Pricing Multidimensional Financial Derivatives with Stochastic Volatilities Using the Dimensional-Adaptive Combination Technique

In this paper, we present a new and general approach to price derivatives based on the Black–Scholes partial differential equation (BS-PDE) in a multidimensional setting. The first ingredient in our approach is the dimensional-adaptive sparse grid combination technique, which, in the case of underlying models with stochastic volatilities, allows for inhomogeneous discretization levels of the dimensional axes. Thus, by applying the dimensional-adaptive combination technique to such problems, one may achieve higher numerical efficiency. We combine this approach with a stretched grid discretization that is derived from the underlying’s stochastic differential equation (SDE) in a general manner. This stretching enables us to employ efficient geometrical multigrid solvers, even for the strong anisotropic convection and diffusion coefficients that frequently occur in application.
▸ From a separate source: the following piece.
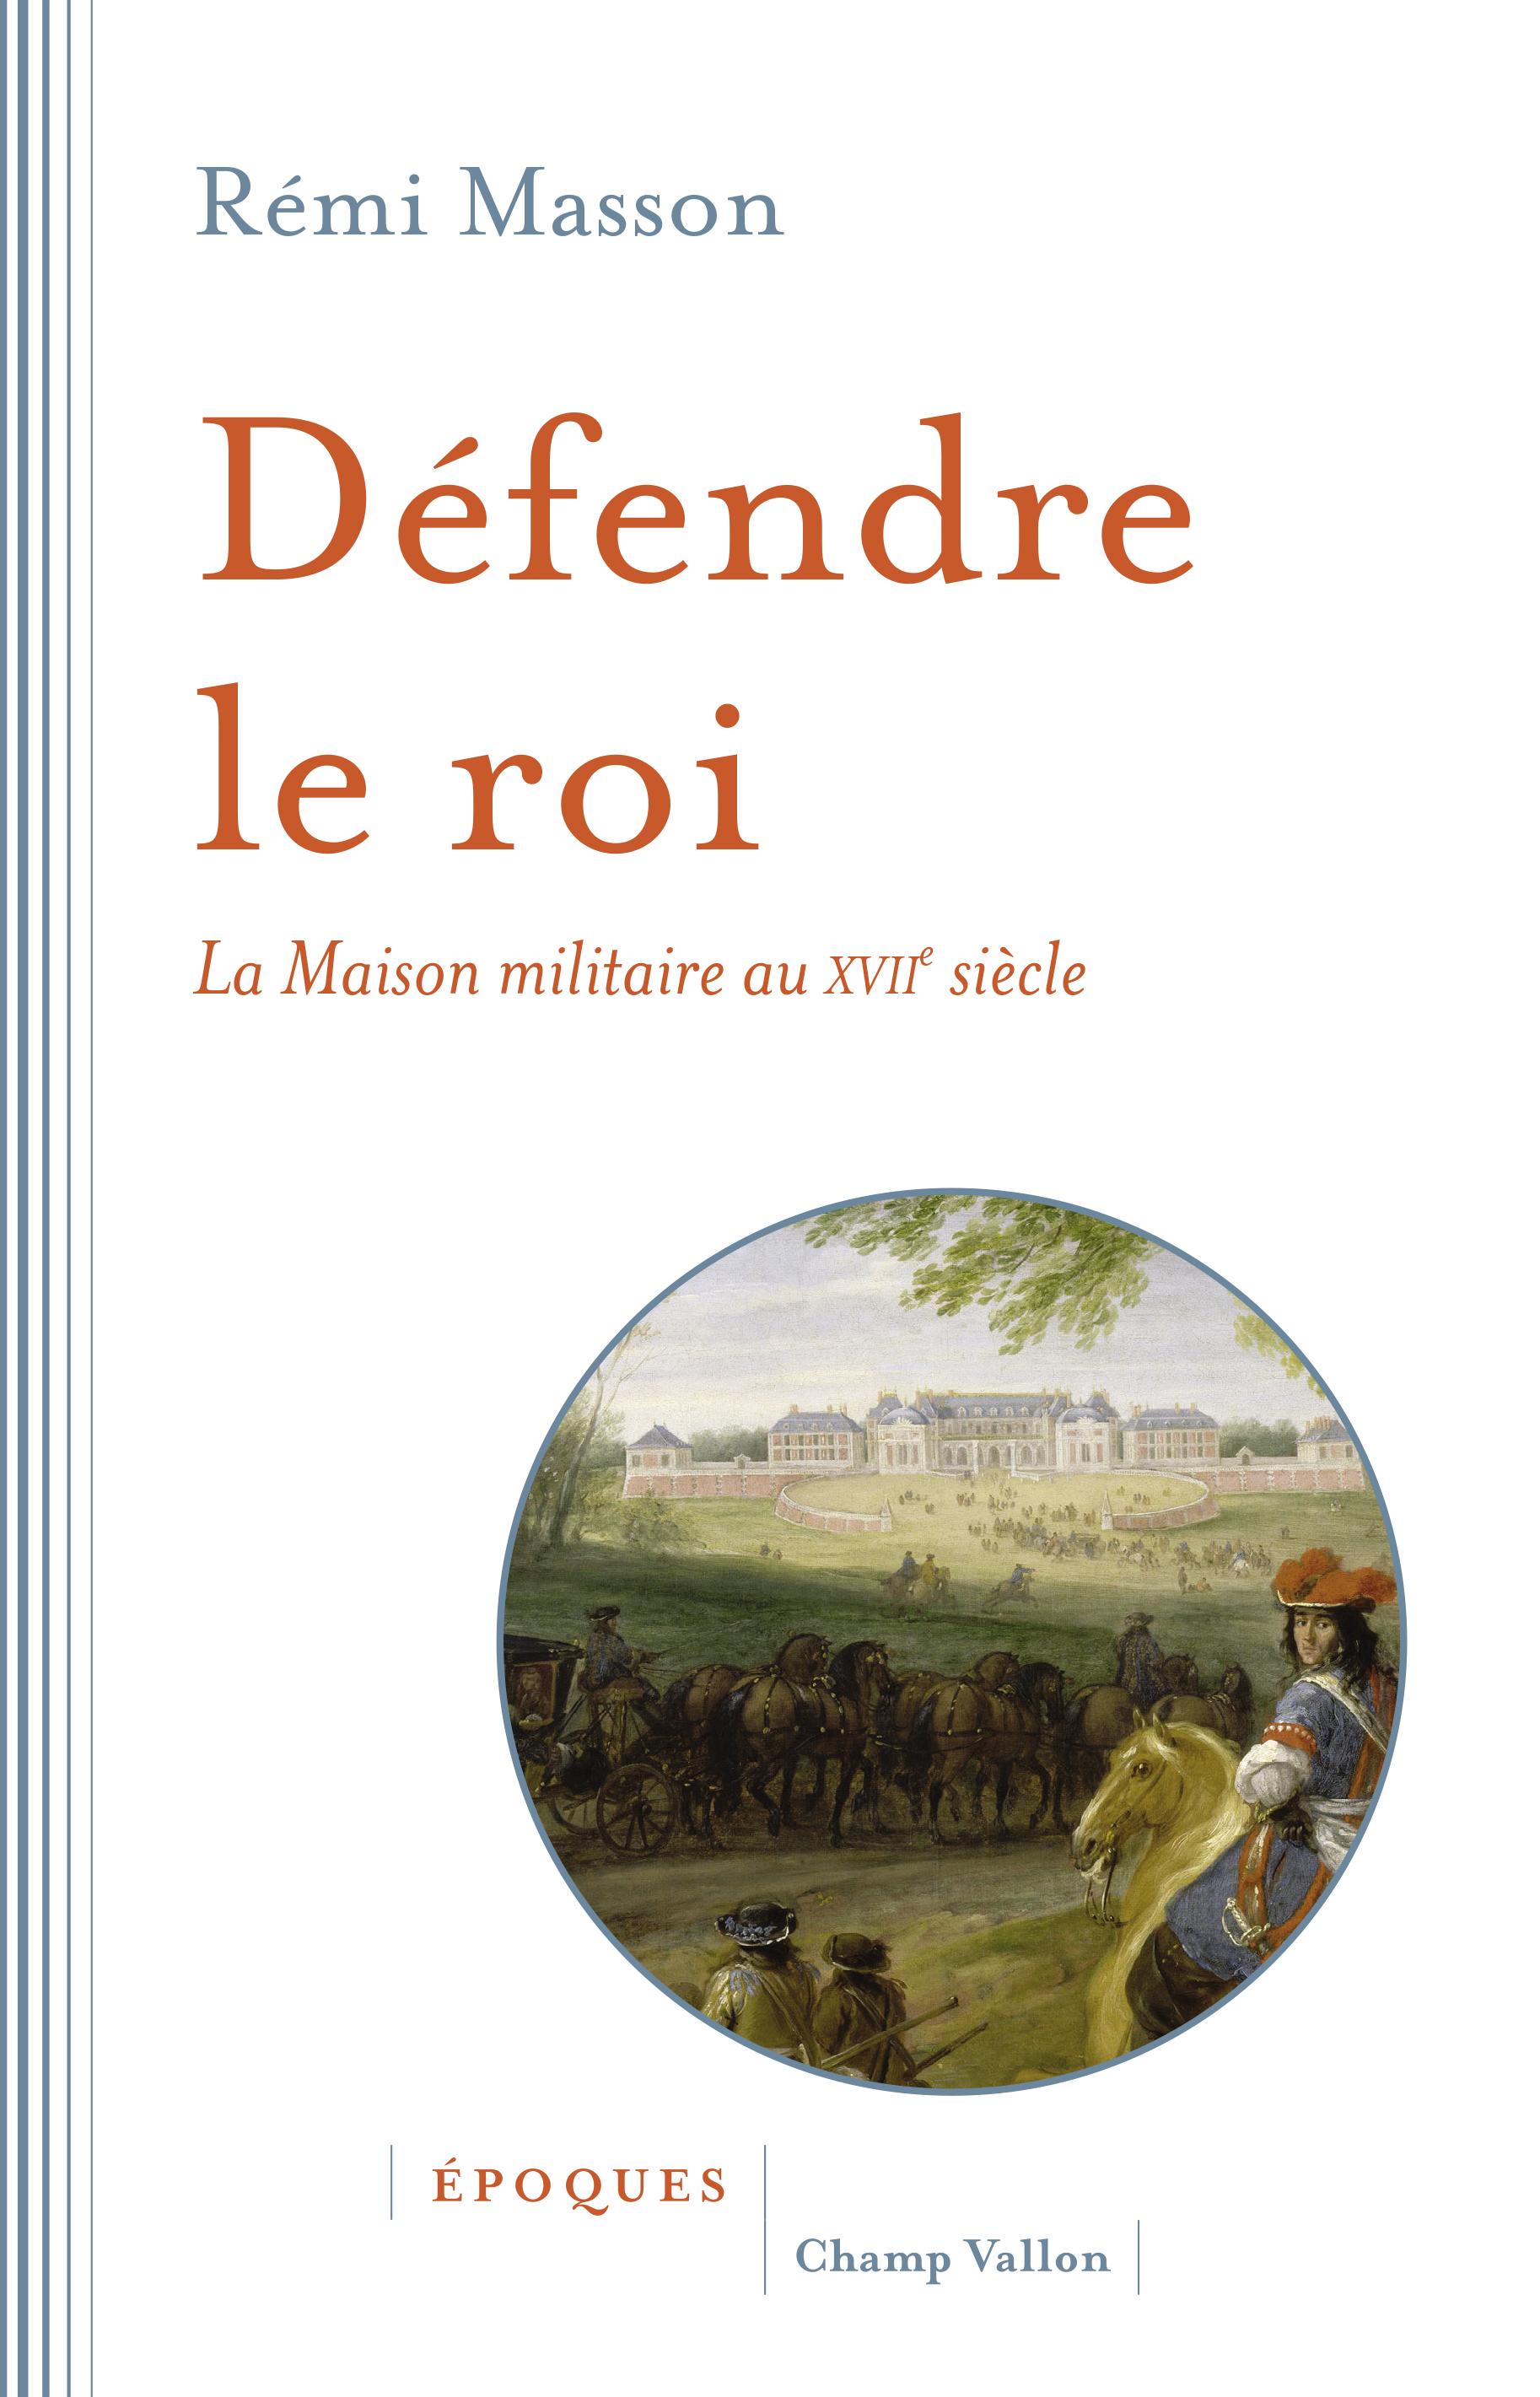 Défendre le roi, La Maison militaire au XVIIe siècle

Our combination of the dimensional-adaptive sparse grid combination technique with SDE-based grid stretching and an efficient multigrid solver represents a new approach designed to enable derivative pricing by directly solving PDEs in higher dimensions than were possible before. The numerical results outlined in the paper demonstrate the efficacy of this new approach and of our implementation method, which entails pricing various derivatives with up to twelve dimensions in a general and simple manner.